Product Code: SR112023A4483

Abstract

The global AI in fintech market size reached US$ 11.7 Billion in 2022. Looking forward, IMARC Group expects the market to reach US$ 43.6 Billion by 2028, exhibiting a growth rate (CAGR) of 24.51% during 2022-2028. The rapid technological advancements, rising demand for regulatory compliances, growing demand for personalized services, widespread adoption of AI in fintech to mitigate financial risks, increasing incidence of cyber fraud, and rising utilization of AI in fintech to automate financial processes are some of the major factors propelling the market.

AI in fintech refers to the integration of artificial intelligence (AI) technologies within the financial services sector to enhance operations and customer experiences. It includes robotic process automation (RPA), machine learning (ML), and natural language processing (NLP). AI in fintech is widely used for fraud detection, credit scoring, customer service through chatbots, algorithmic trading, risk management, personalized marketing, investment analysis, regulatory compliance monitoring, wealth management, and processing optimization. It aids in improving efficiency, reducing cost, enhancing accuracy, preventing fraud, personalizing services, and providing a seamless customer experience.

The widespread adoption of AI in fintech to predict and mitigate various financial risks through data analysis and predictive modeling is propelling the market growth. Furthermore, the increasing incidence of cyber fraud is facilitating the demand for AI in fintech to identify fraudulent activities in real time and enhance security measures. Apart from this, the widespread adoption of AI to automate financial processes, reduce human errors, enhance efficiency, and ensure consistency is positively influencing the market growth. Additionally, the increasing utilization of AI to enable seamless cross-border transactions and supports, owing to the rapid globalization of financial services, is contributing to the market growth. Moreover, the widespread application of AI in fintech to derive deep insights from vast amounts of financial data is strengthening the market growth. In addition, the rising adoption of AI in financial institutions to reduce operational costs and minimize manual labor is supporting the market growth.

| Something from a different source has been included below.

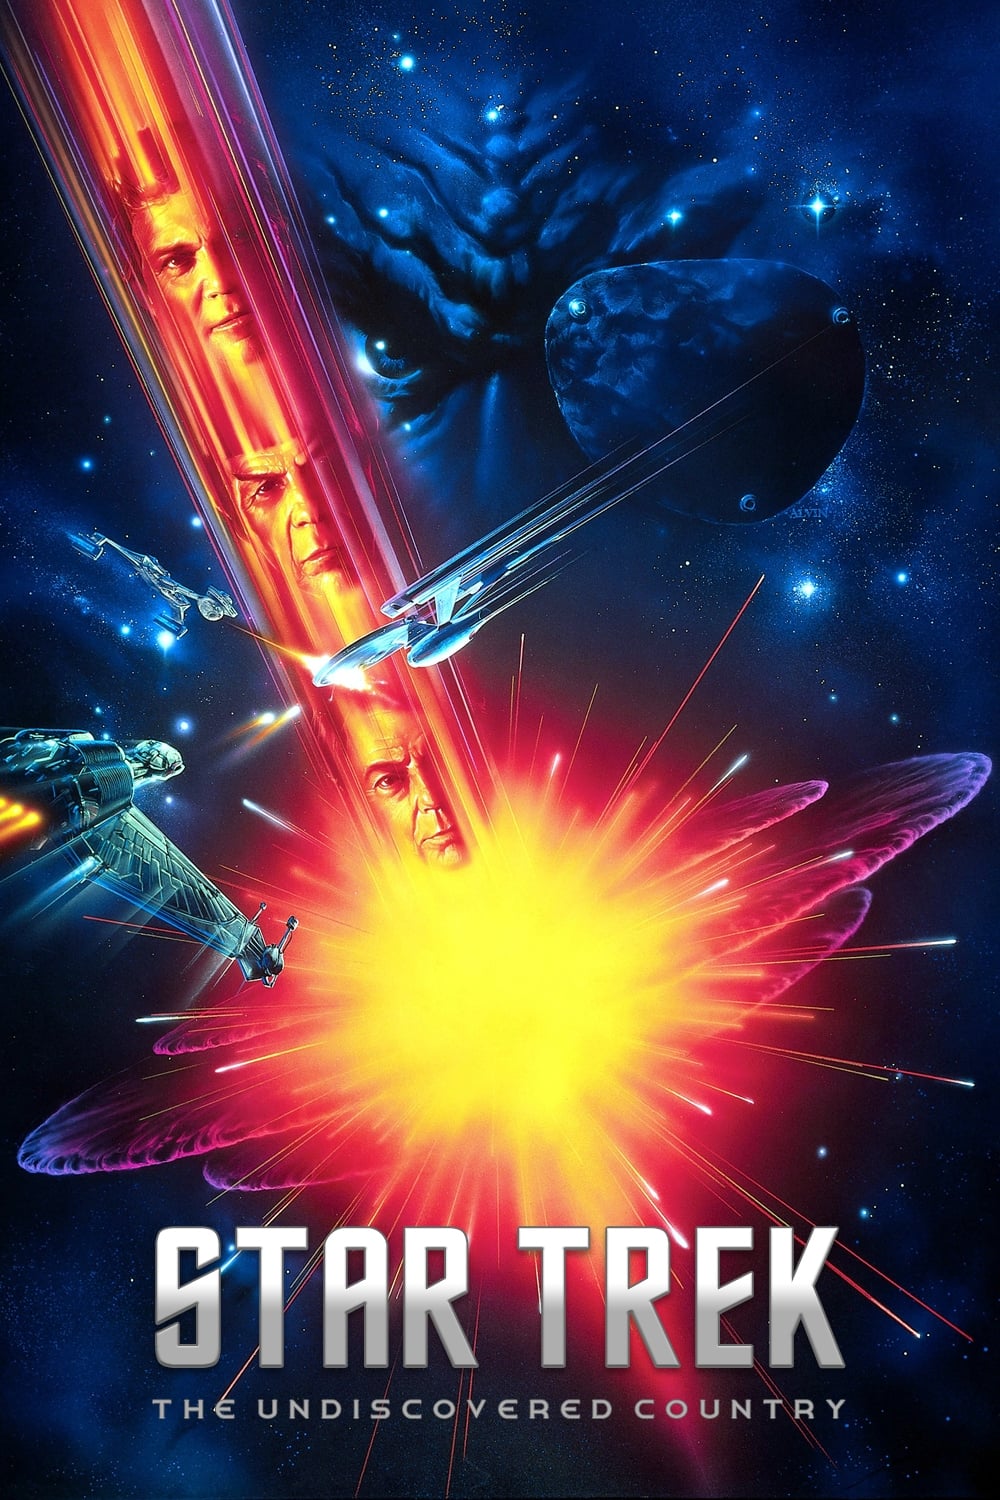 1991 Star Trek VI: The Undiscovered Country

AI in Fintech Market Trends/Drivers:

The rapid technological advancements

The integration of AI in fintech is heavily influenced by ongoing technological advancements. In line with this, the integration of machine learning (ML) algorithms to refine big data analytics and expand its potential applications within the financial sector is boosting the market growth. Furthermore, these innovations enable the accurate processing and interpretation of vast amounts of data at high speeds, providing real-time insights and automation capabilities. Moreover, the development of quantum computing and cloud technologies, which further enhance the computational power necessary for complex financial modeling, is fueling the market growth. Besides this, fintech companies are leveraging these advanced technologies to create personalized banking experiences, automated trading, and manage risks with unprecedented precision. In addition, technological advancements are not only driving efficiency but also opening doors to entirely new products and services.

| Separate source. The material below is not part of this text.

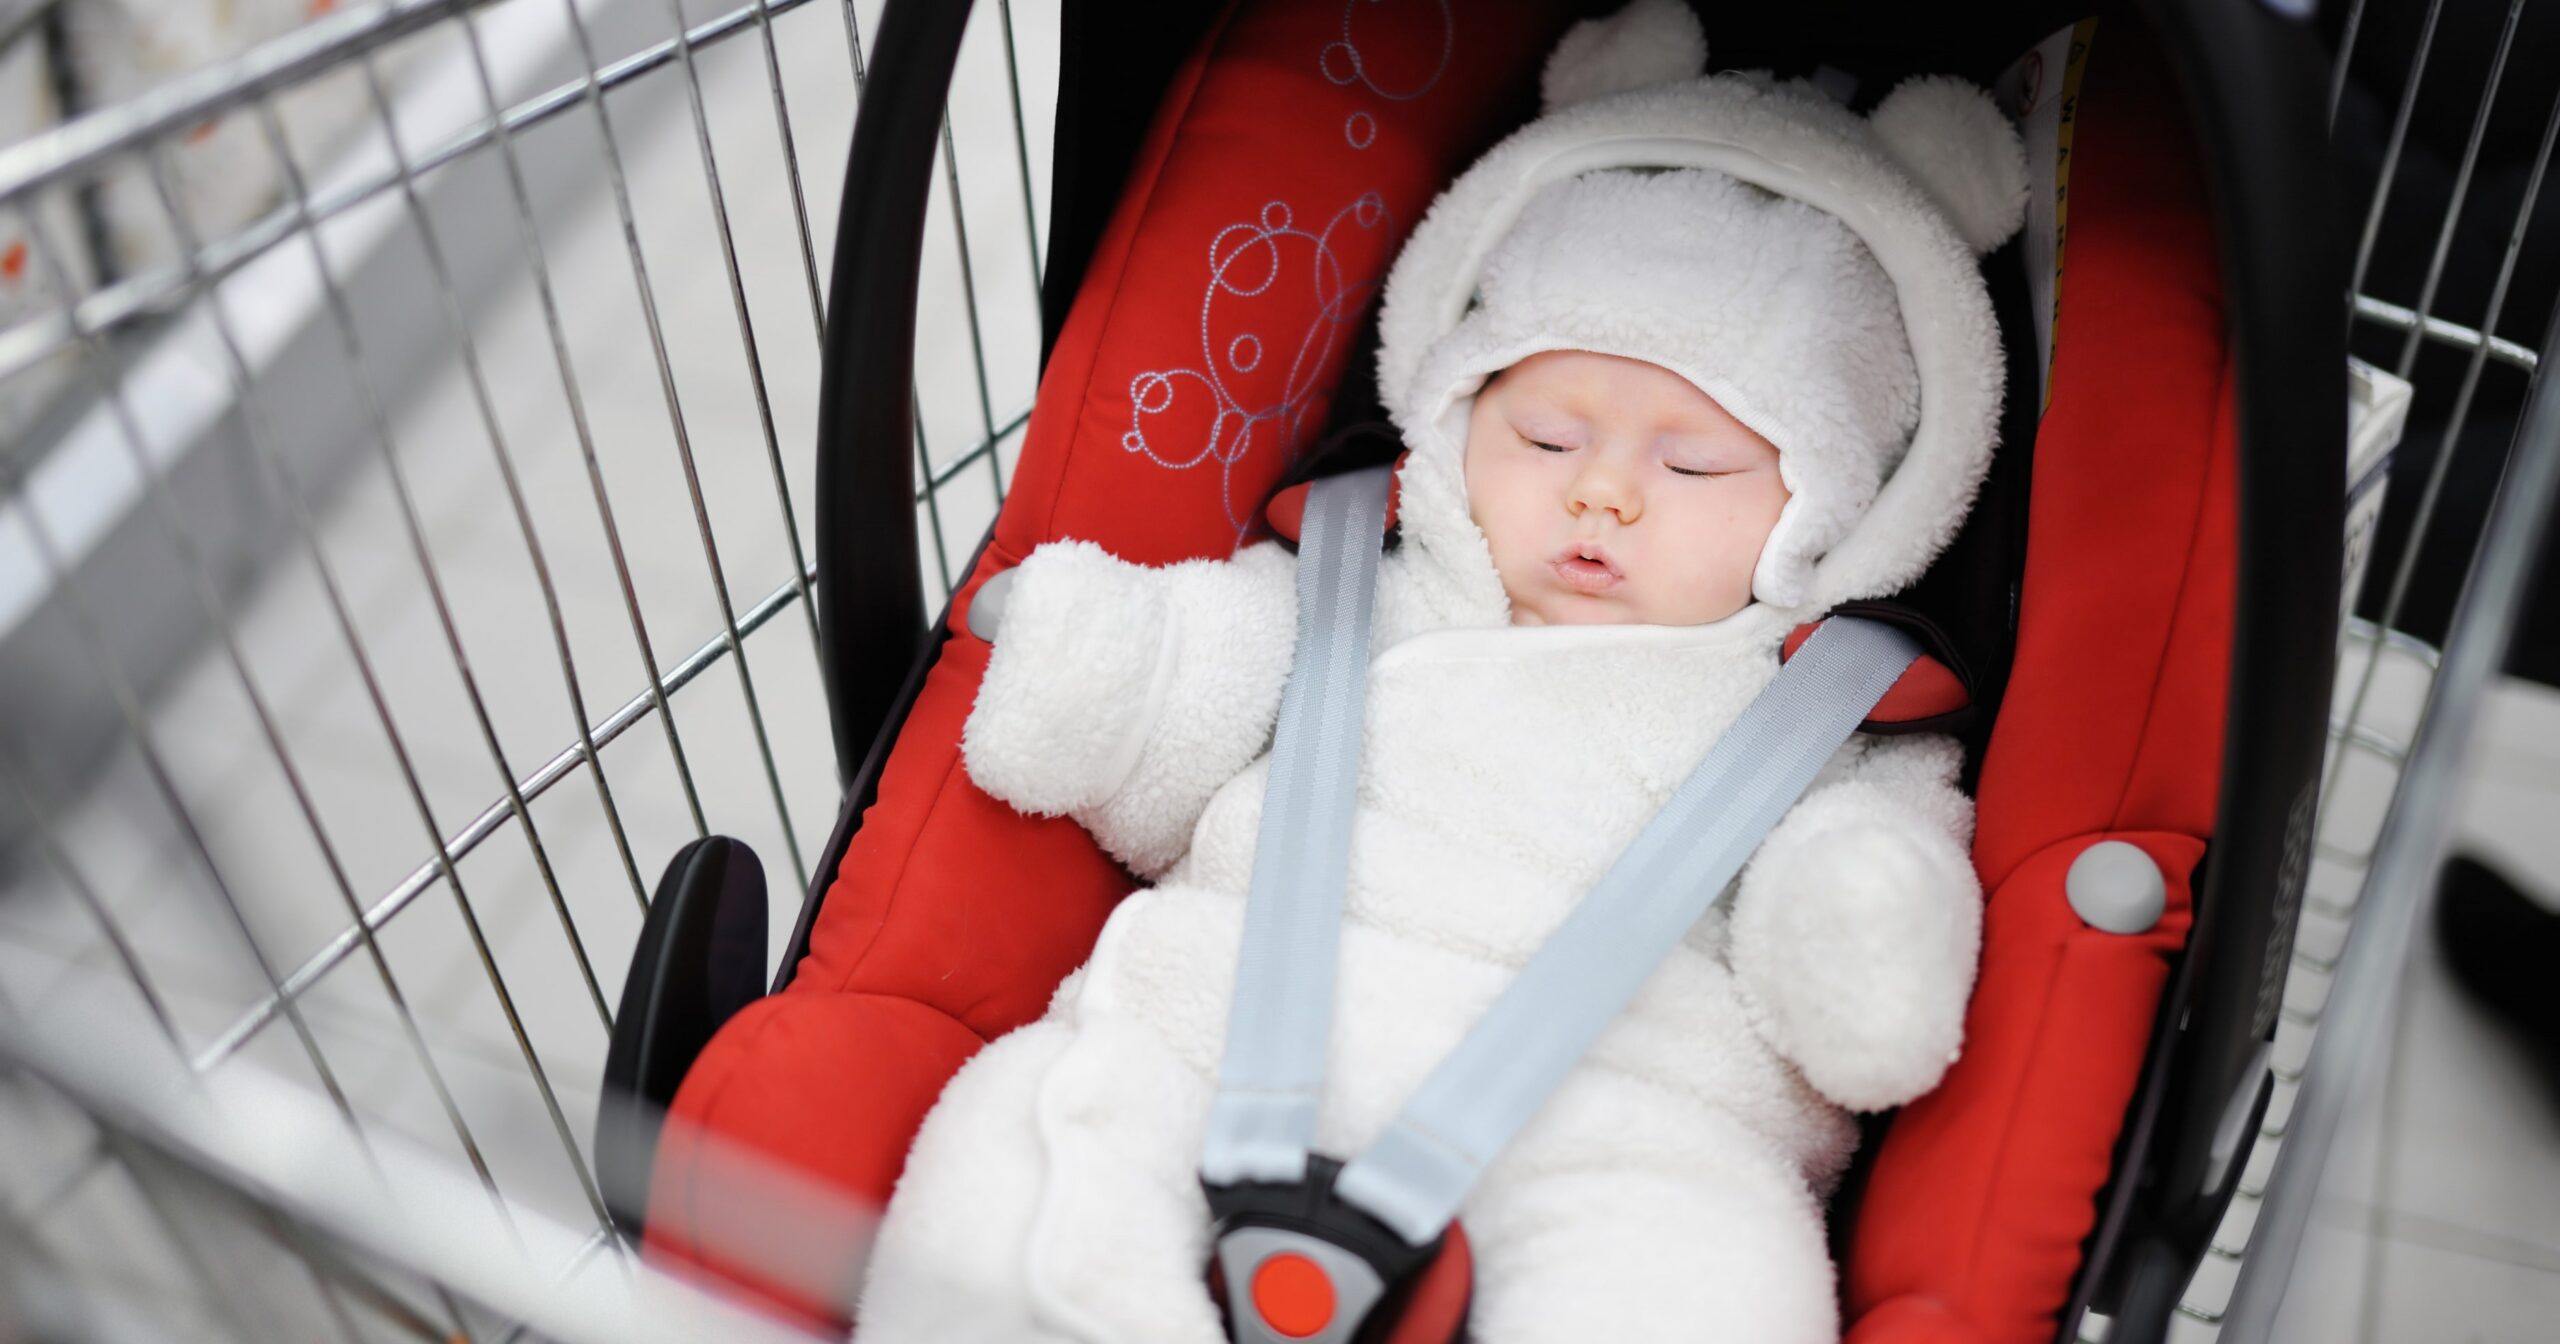 How To Put A Car Seat On A Shopping Cart

The rising demand for regulatory compliance

The financial industry operates under a complex set of regulations that vary across jurisdictions. Compliance with these regulations is not just mandatory but also critical to maintaining consumer trust and the overall integrity of the financial system. In line with this, AI in fintech plays a vital role in ensuring regulatory compliance and automatically monitoring and analyzing millions of transactions to detect anomalies or non-compliance with relevant laws. Along with this, the integration of natural language processing (NLP) to interpret the ever-changing regulatory texts, ensuring that financial institutions are always up-to-date with the latest requirements, is positively influencing the market growth. Additionally, the automation of compliance processes reduces the potential for human error and enables a more responsive and adaptable approach to regulatory changes.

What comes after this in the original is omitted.